▸ **What needs to be done**
Look below for the line containing "GraphicRiver Wedding DJ"; from there, print each line exactly up to and including the line containing "Orthopedic And Dental", and stop.

▸ **Material provided**
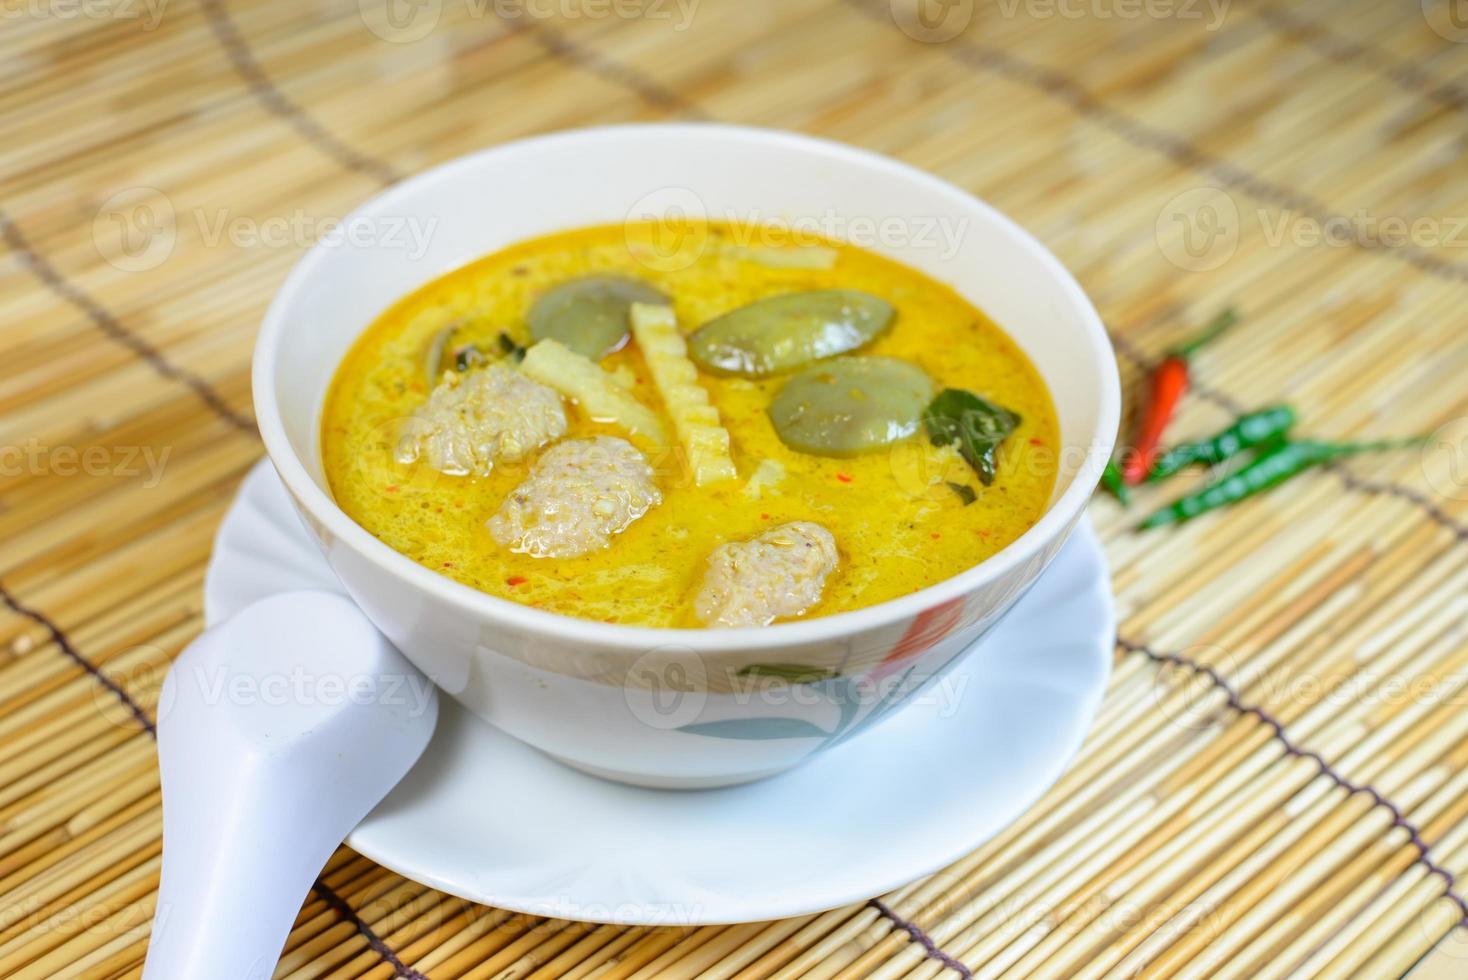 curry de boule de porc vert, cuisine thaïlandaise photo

--

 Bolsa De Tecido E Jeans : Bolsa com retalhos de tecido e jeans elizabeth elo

---

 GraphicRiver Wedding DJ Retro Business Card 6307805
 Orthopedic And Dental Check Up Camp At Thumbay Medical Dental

▸ **Exercise response**
 GraphicRiver Wedding DJ Retro Business Card 6307805
 Orthopedic And Dental Check Up Camp At Thumbay Medical Dental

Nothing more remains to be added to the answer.